Ese pausado acento porteño le valió también al actor Ricardo Darín, más lenguaraz que el jugador del Barcelona, para darle caña a la presidenta argentina. “Yo quisiera que alguien me explicara el tema del crecimiento patrimonial de los Kirchner. ¿Cómo no se les cae la cara de vergüenza? ¿Cómo puede ser?”. El actor se refería a los 12 millones de euros que Cristina Fernández declaró el año pasado como propios. En 2003, cuando empezó a gobernar su marido, sumaban entre ambos un millón, así que las dudas tienen una base bastante lógica.

Pero ya se sabe como son los actores. Les gusta enfrentarse a los presidentes e incluso renunciar a la propia nacionalidad. Depardieu, la reencarnación de Obelix, ya no es ni francés ni galo, ahora es ruso, con lo que se libra de la “voracidad confiscatoria” del Gobierno socialista encabezado por François Hollande. Ese fue el motivo del cambio de pasaporte, que le abre la posibilidad de interpretar una nueva versión de Taras Bulba para sacralizar su amor a la Madre Patria

Se ve que la impostura está en boga, pero no solo entre los futbolistas y los artistas, los unos dados al piscinazo y los otros a la actuación; también los políticos se han apuntado a la moda. Los hay que querrían ser una agencia de colocación para perpetuar la dinastía. Tocar el trombón es un entretenimiento, pero asegurar el futuro al hijo, una obligación de buen padre. Si para cumplirla hay que firmar un centenar de contratos en vísperas del congreso provincial del partido, se firman, que el paro no es una broma, ni siquiera en Ourense.

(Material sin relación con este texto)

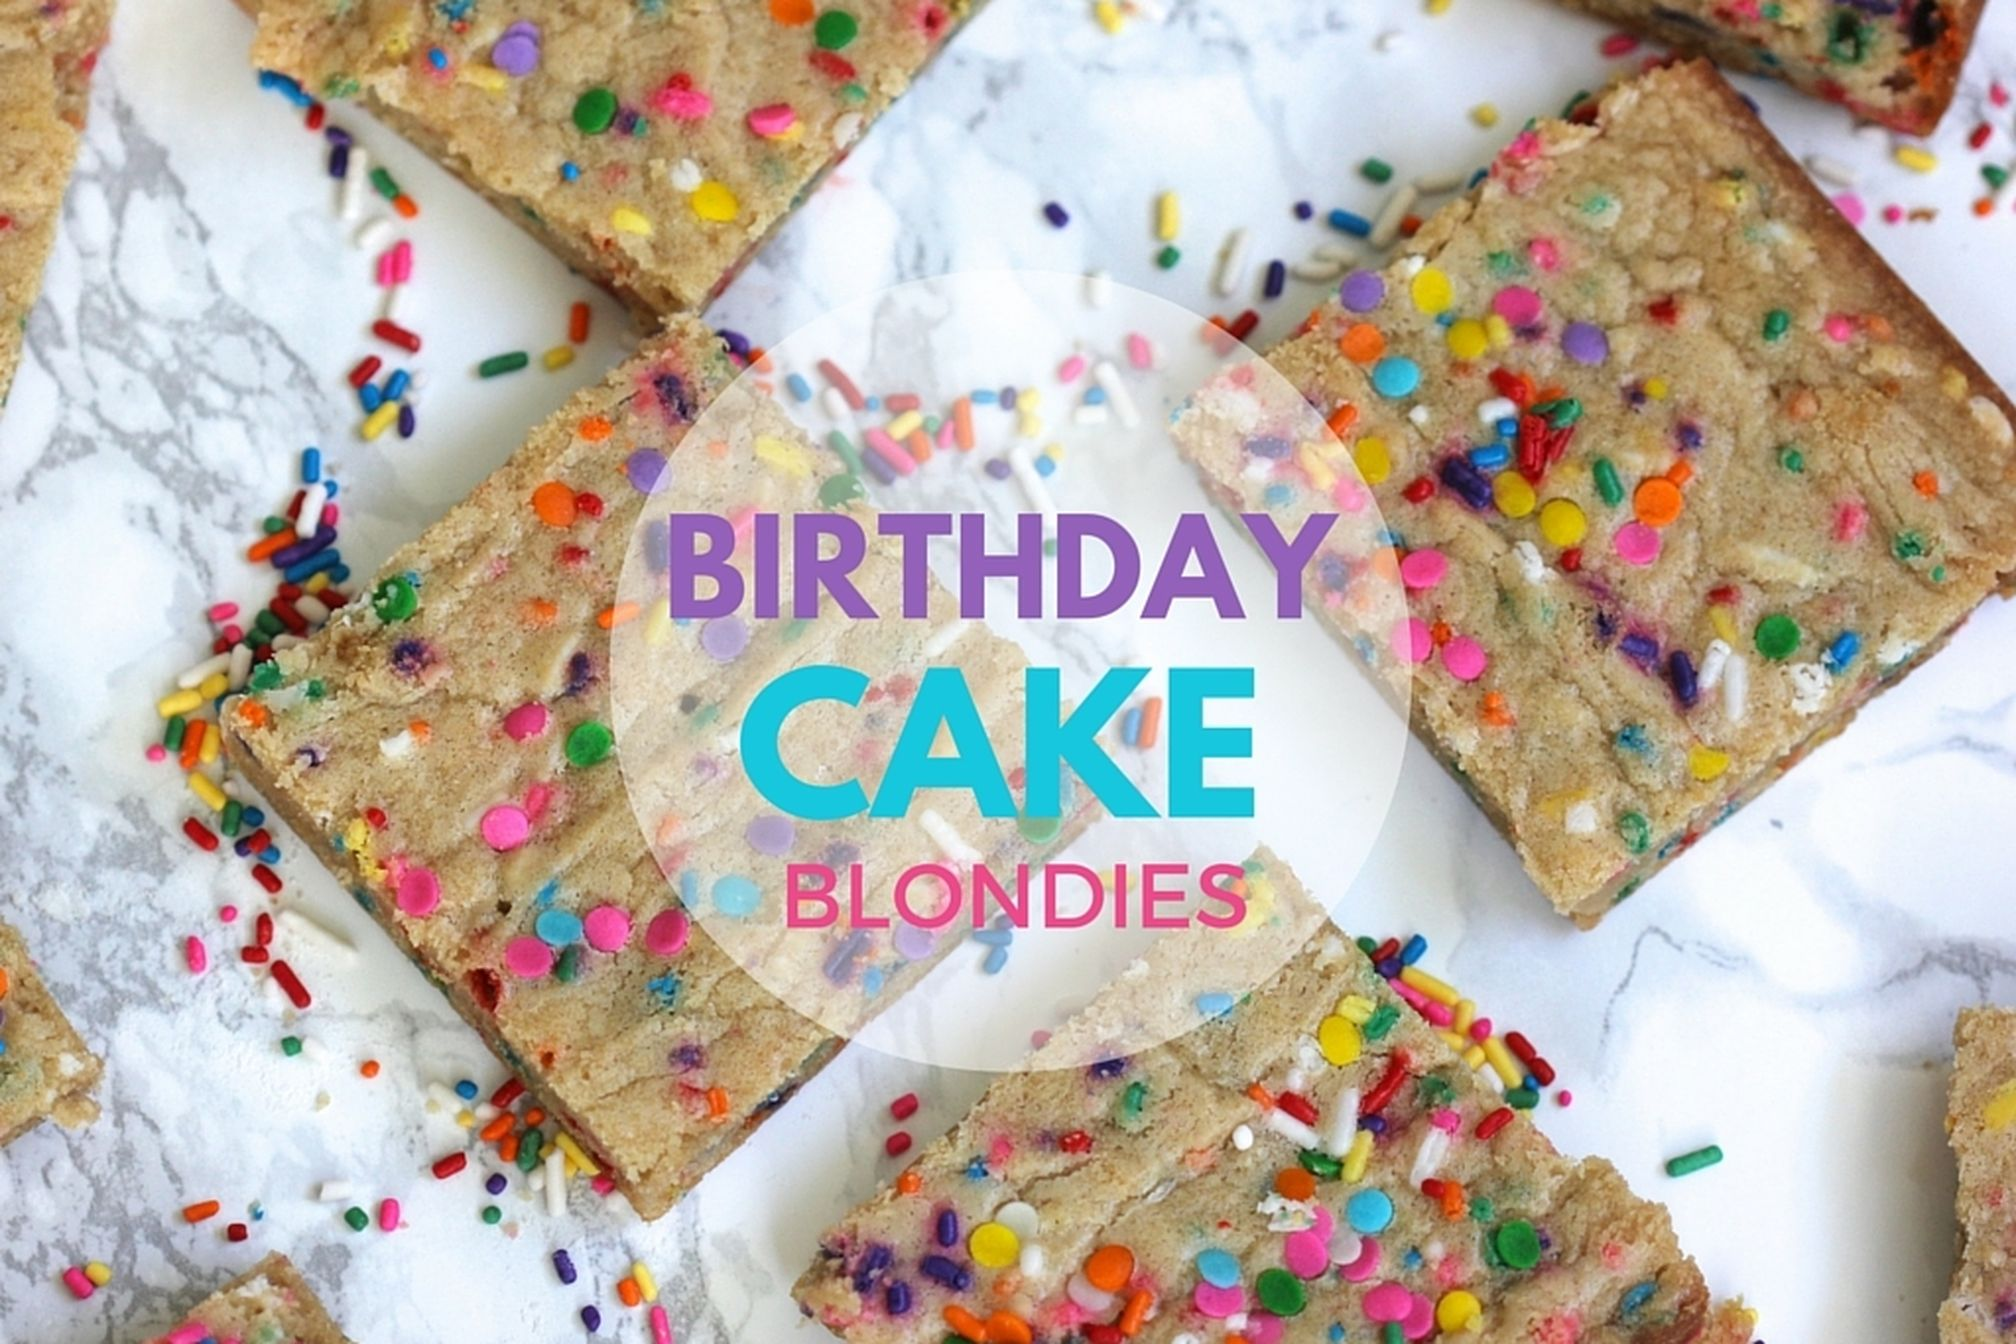 Enjoyable Birthday Cake Blondies Recipe On Food52 Funny Birthday Cards Online Fluifree Goldxyz

En cambio, por Lugo se lleva más suplantar al comisionista. Es menos honorable que trabajar en beneficio de la familia, pero más ventajoso; los réditos se perciben de inmediato y están libres de impuestos. El único riesgo es que una jueza se meta por el medio, pero con lo lenta que es la justicia tampoco es cosa de echarse a temblar. Además, las causas penales están exentas de las nuevas tasas de Gallardón, así que la pasta se queda íntegra en el bolsillo.